Moreno went to trial only on the charge of a violation of Penal Code section 148, resisting an officer in the discharge of his duty, the Penal Code section 243, battery upon a police officer, having been dismissed.

Counsel for the defendant asked the court to provide a reporter to help preserve a transcript for reference to the jury and for motion for a new trial or appeal purposes. The trial court refused.

During the trial, after the prosecutor presented the evidence of the resisting incident at the home, he then commenced to present the evidence of the resisting incident at the jail.

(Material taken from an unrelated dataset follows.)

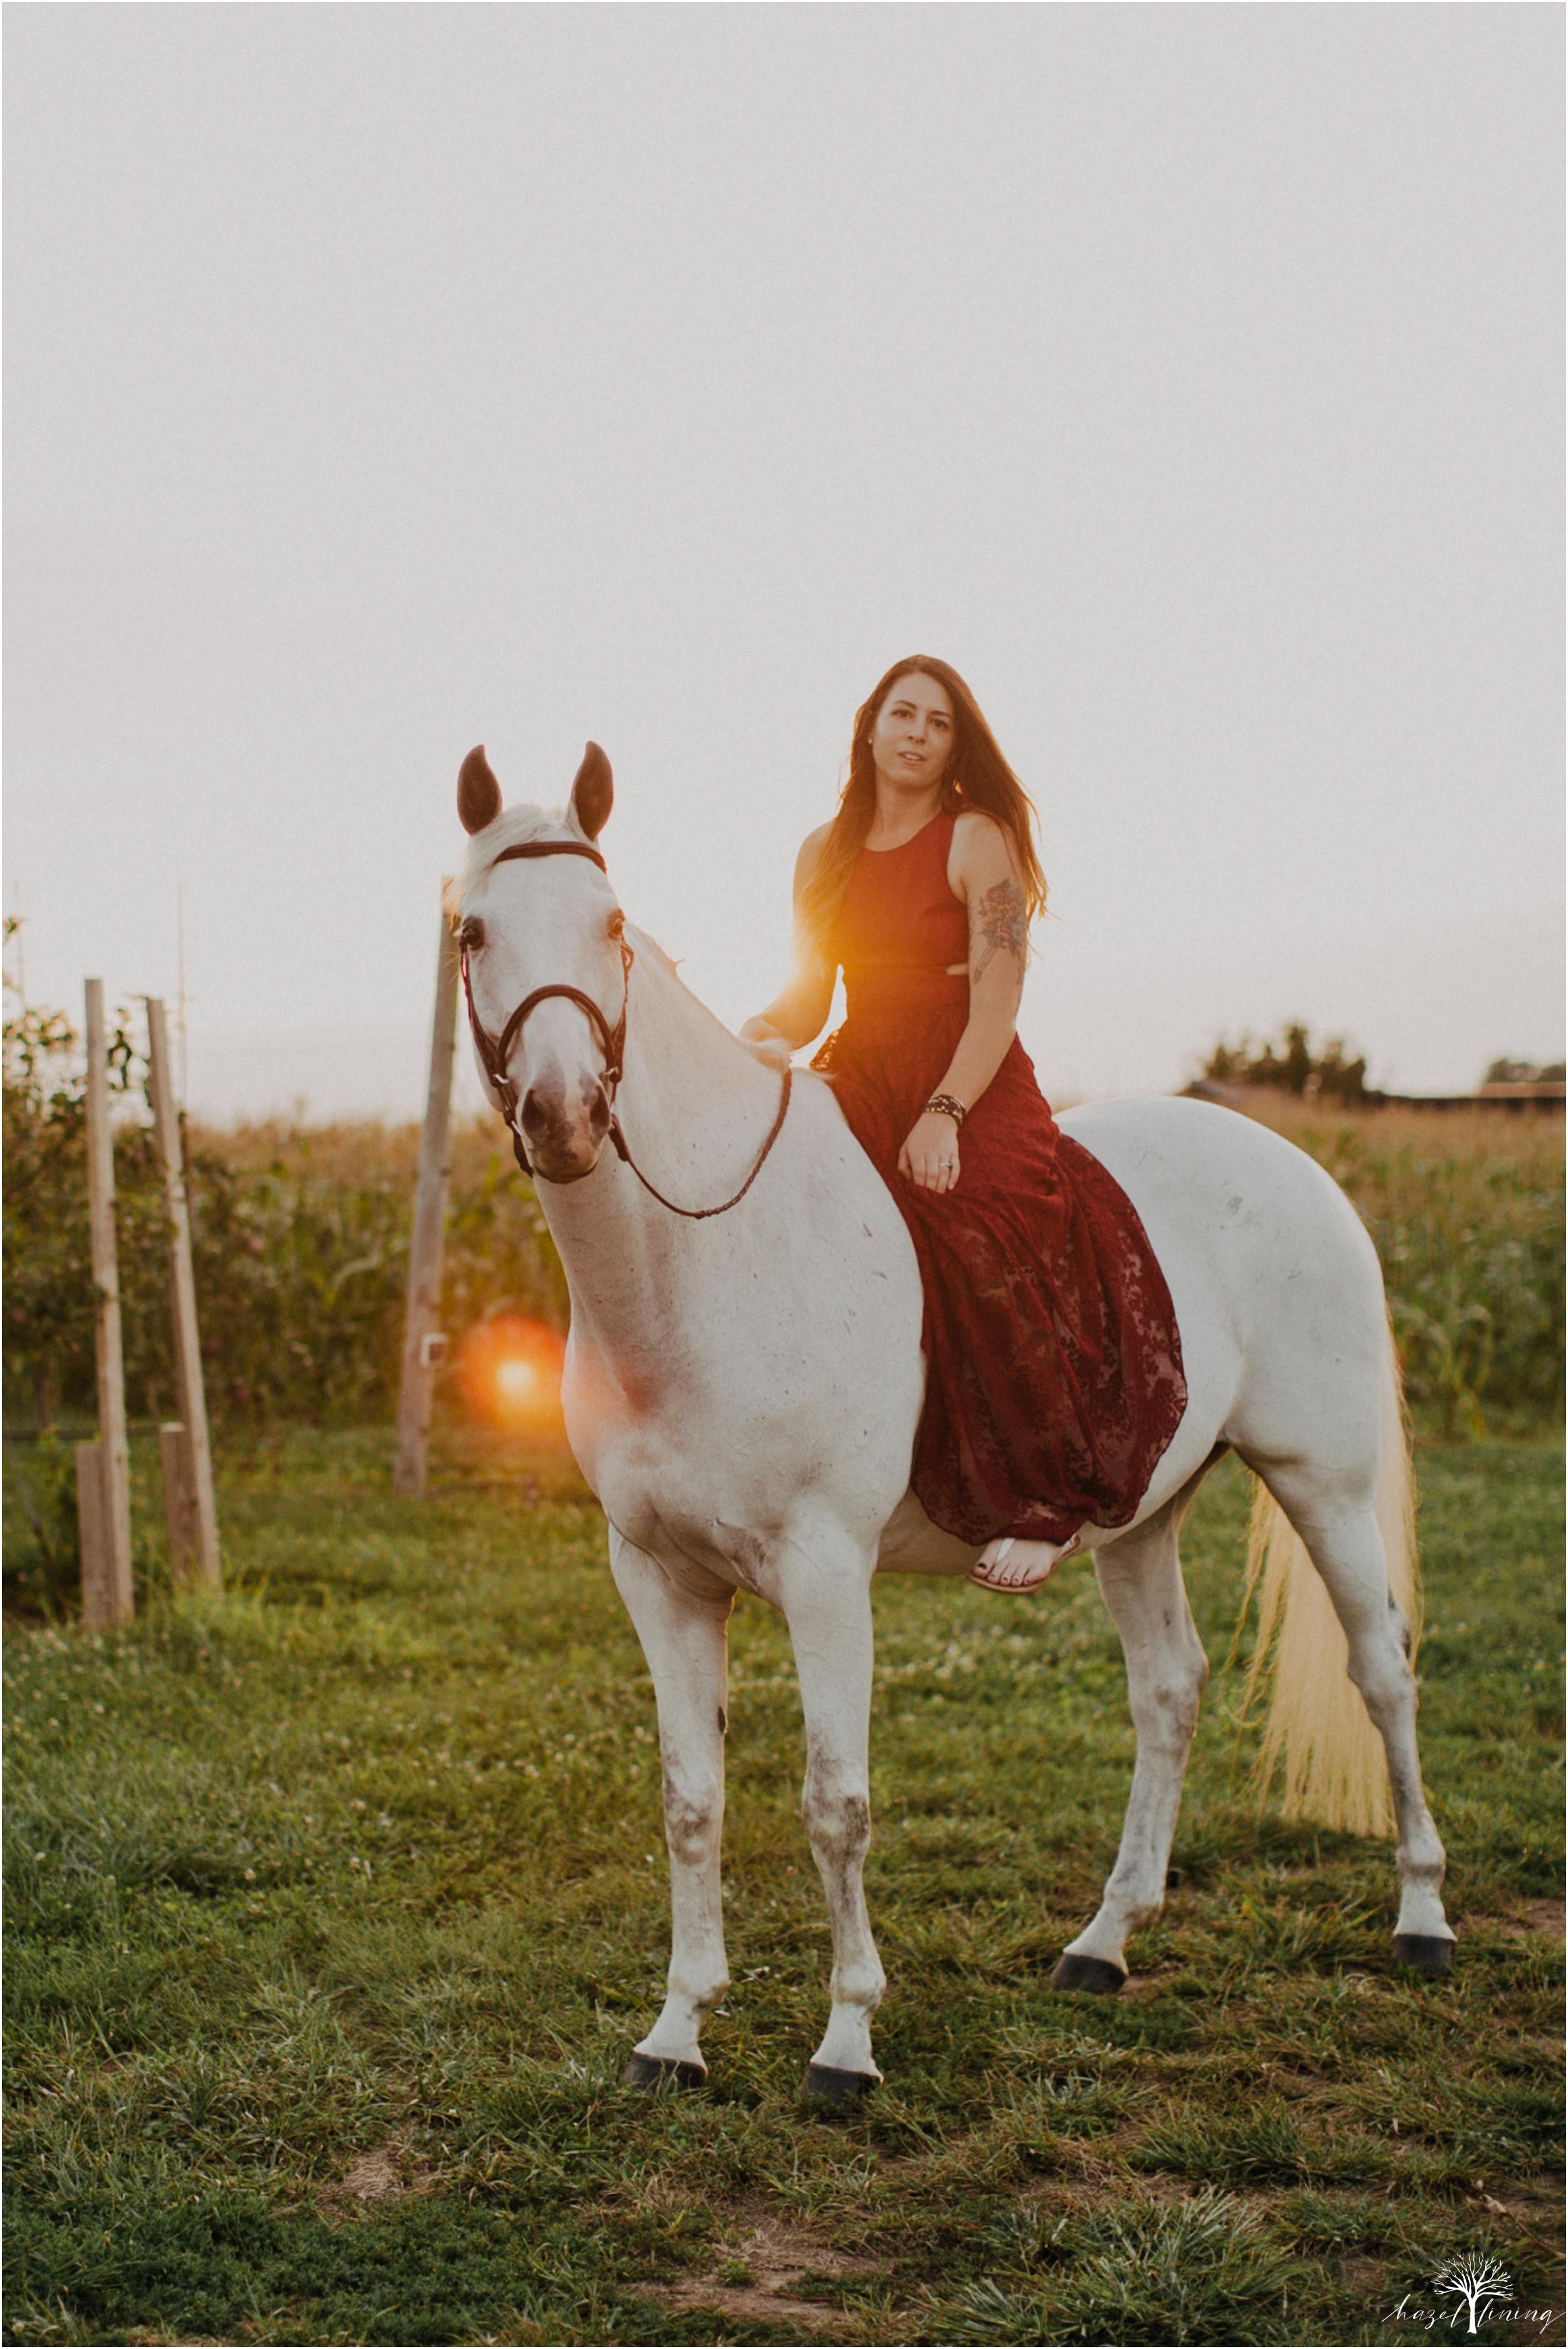 taylor-adams-and-horse-delaware-valley-university-delval-summer-equestrian-portrait-session-hazel-lining-photography-destination-elopement-wedding-engagement-photography_0070.jpg

Defense counsel promptly objected and, pointing out that only one count of a violation of Penal Code section 148 had been charged, asked that the prosecutor be put to an election as to which incident he intended to rely on. The trial court refused to require this election, permitted evidence on both episodes to be presented to the jury and did not instruct them that they must unanimously agree to guilt on the same incident in order to convict Moreno.

In the course of the testimony at the trial, one Joe Salas, a resident of the house, who had called the officers, testified as to the reason for the officers being called but then was quite evasive and apparently suffered from a selective amnesia when asked what he had observed of the scuffle on the porch. Salas said he gave a statement to an investigating officer, Biancalana, but couldn't remember its content. The prosecutor then put Biancalana on the stand and, over objection, after making an offer of proof to the court, had Biancalana testify by way of impeachment that: 'Salas advised me that Manuel Moreno provoked the incident and the police officer did nothing to provoke it.'

At the close of the testimony and after argument in which the prosecuting attorney was permitted to argue that by virtue of Penal Code section 834a an arrestee has no right to resist an arrest, whether lawful or not, the court gave the usual instructions among which were two crucial ones, to wit:

CALJIC 16.100--RESISTING ARREST, Penal Code section 148: 'Every person who wilfully resists, delays, or obstructs any public officer in the discharge or attempt to discharge any duty of his office, is guilty of a misdemeanor.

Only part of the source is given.